26. I know every word to "Bad, Bad Leroy Brown" by Jim Croce.
Tears for Anatomy
Friday. 9.14.12 1:31 pm
I can't even count how many times school has driven me to tears this semester. I've got a busy course load and I stretch myself to thin every where else as well. Ugh. I've been thinking about asking to be put on aderal (sp?). It helps me a lot with school but it kind of sucks too because when I've been on it before the dosing wasn't right and I would get my school work done and then lay in bed trying to sleep all night, without success. But hell I'm not sleeping now anyways because I'm all over the place. My brain hurts. Sometimes I hate school. I just don't feel strong enough or smart enough or like it's going to all pay off in the end. Everybody I know acts like I'm so damn smart but at the end of the day I still dropped out when I was 16 without ever having passed 9th grade. I was bullied and then got in with the wrong crowd, it wasn't that I was stupid, but it makes me feel very stupid now. And last time it got hard and I couldn't handle it I quit.. but I don't want to quit. I just don't want to fail either. Fuck, I am really upset right now. It's just been a long and busy couple of weeks and I think it's finally all over running me. Oh well, my mom always used to try to get me to let myself cry more so I probably need this. Sometimes I feel like people in my life don't realize how much they lean on me.. but who do I lean on? I have a hard time letting myself lean on those who lean on me and I'm not the type to open up and lean on someone anyhow. fuck. I guess on lean on you nutang.

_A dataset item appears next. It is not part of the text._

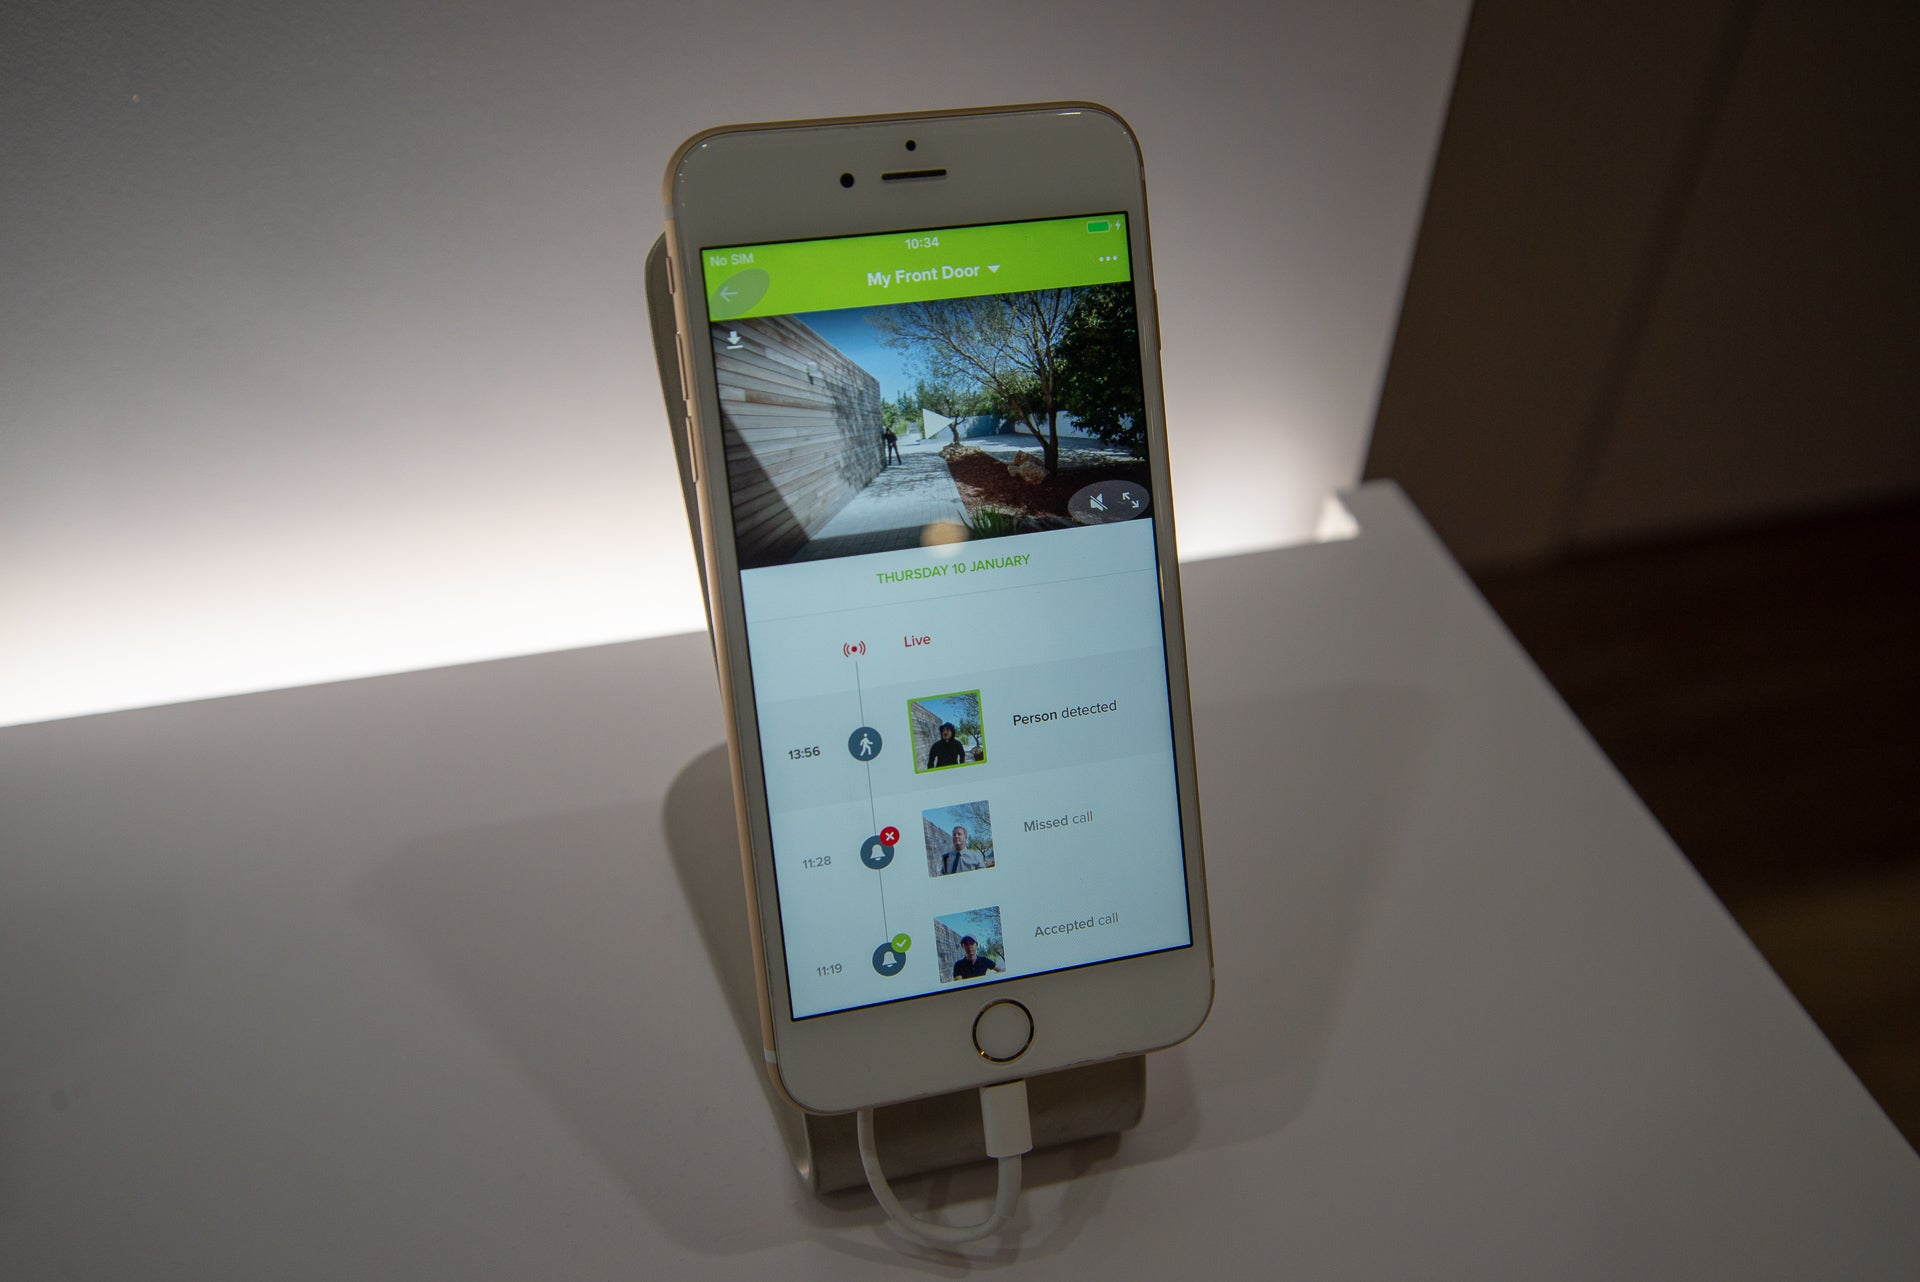 Netatmo Smart Video Doorbell first look: Subscription-free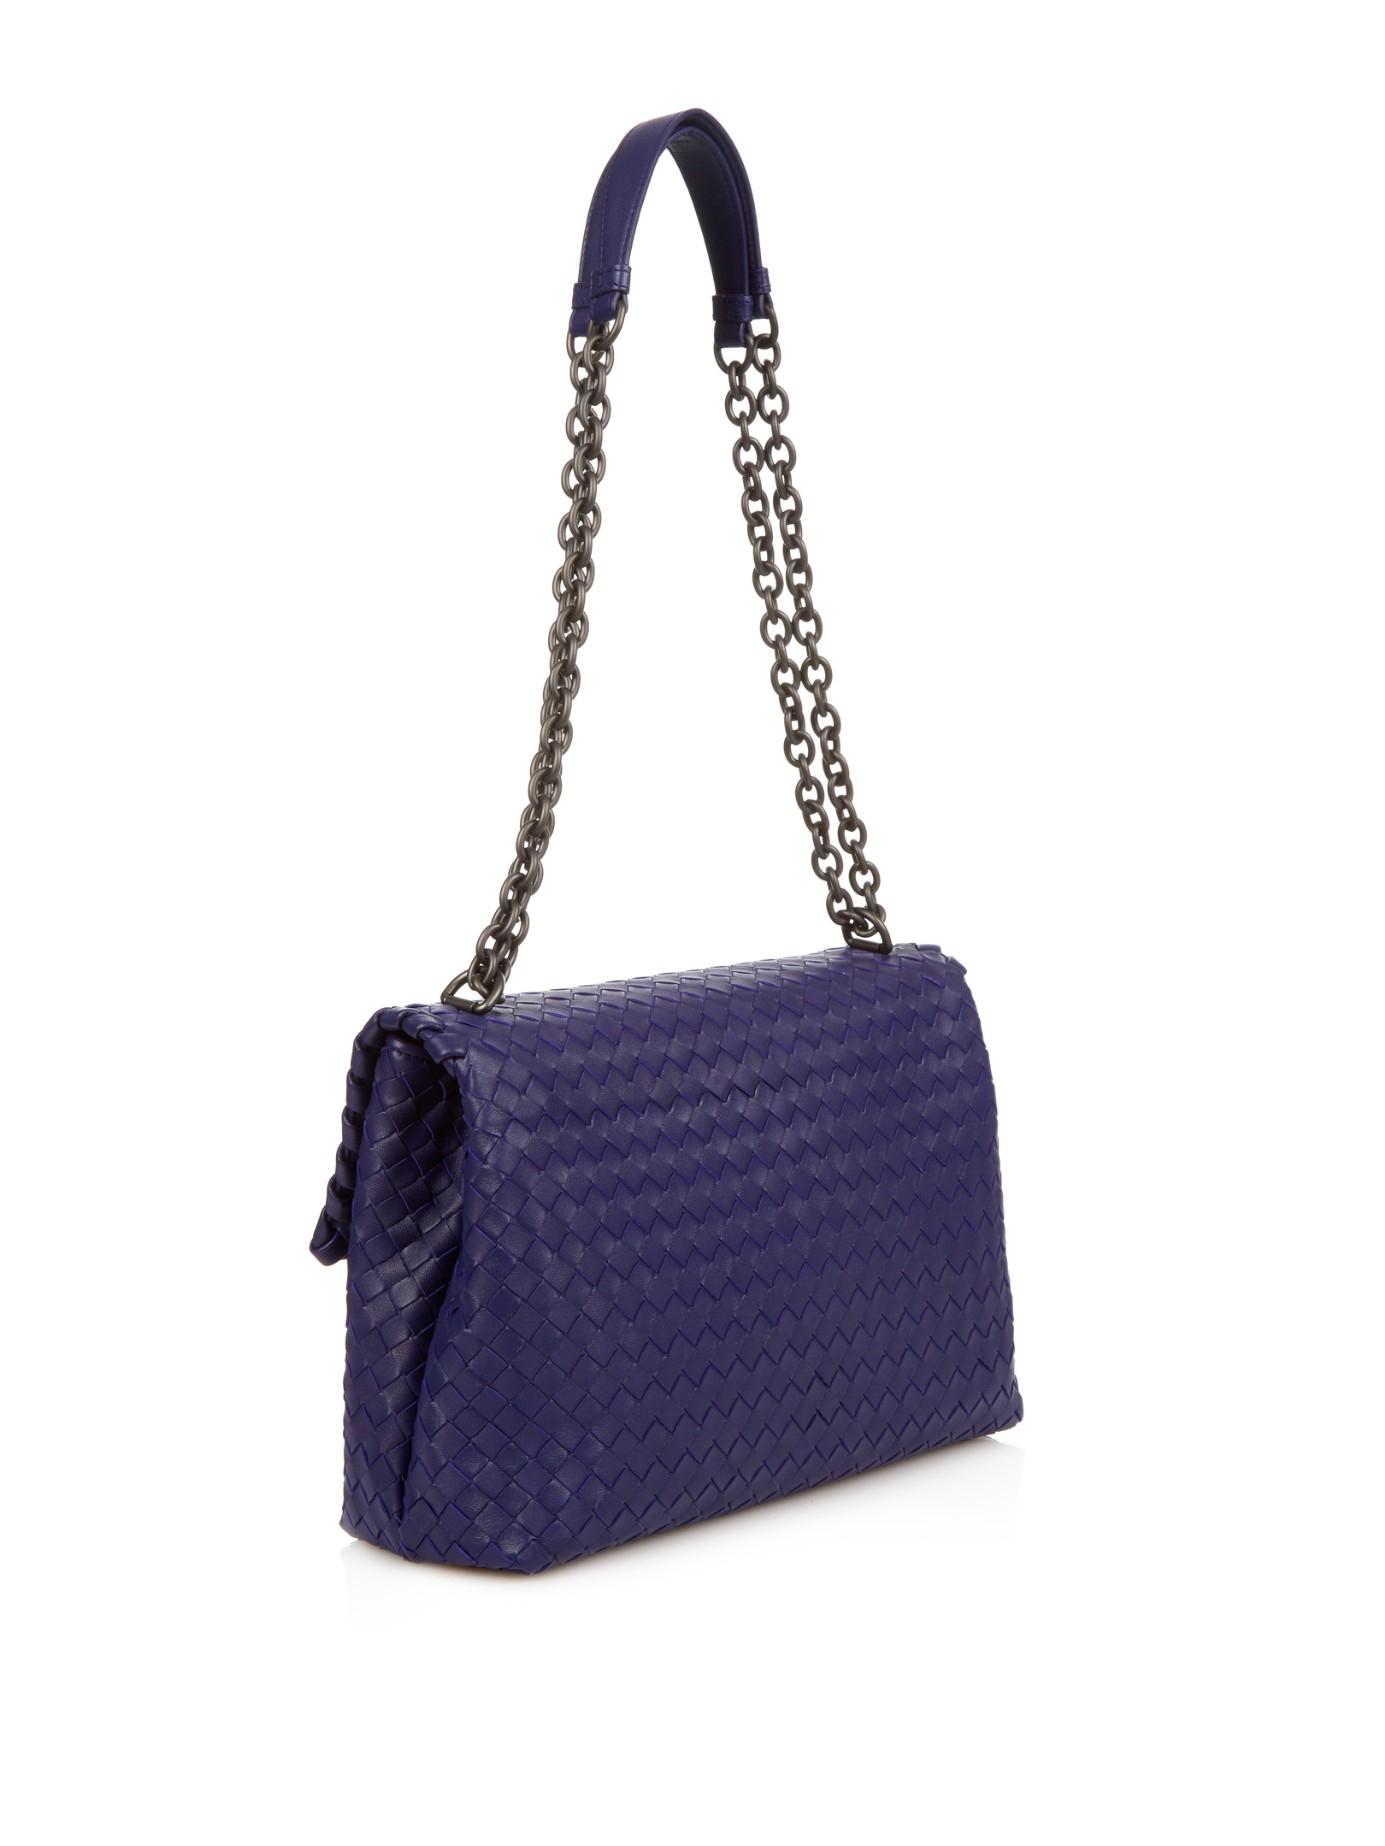 Bottega veneta Olimpia Intrecciato Leather Shoulder Bag in Blue | Lyst

I have not cried like this in forever. This is so.. odd? I don't even know. Sometimes I just think blogs out in my head that I know I'll never type. I bet for every 1 I type, I think 100 others. I feel like such a crazy person for not being able to even open up to a piece of blank white space on a computer. I wish I didn't have such a fear of vulnerability. I envy those who can be open. It's probably because every person I've ever chosen to open myself up too has shit on that. Ugh. I'm so tired of being fucked up. Pardon me but just let me throw myself a pity party for a moment. I have had so many things in my life happen that were so beyond my control and that has fucked me up. That fucking me up has led me to making decisions that just fuck me up worse. I always try to be a good person and do the right thing and I always just make things more difficult.
I've got to go try and calm myself down.. I have schoolwork and obligations filling up the next 72 hours, I have got to get it together.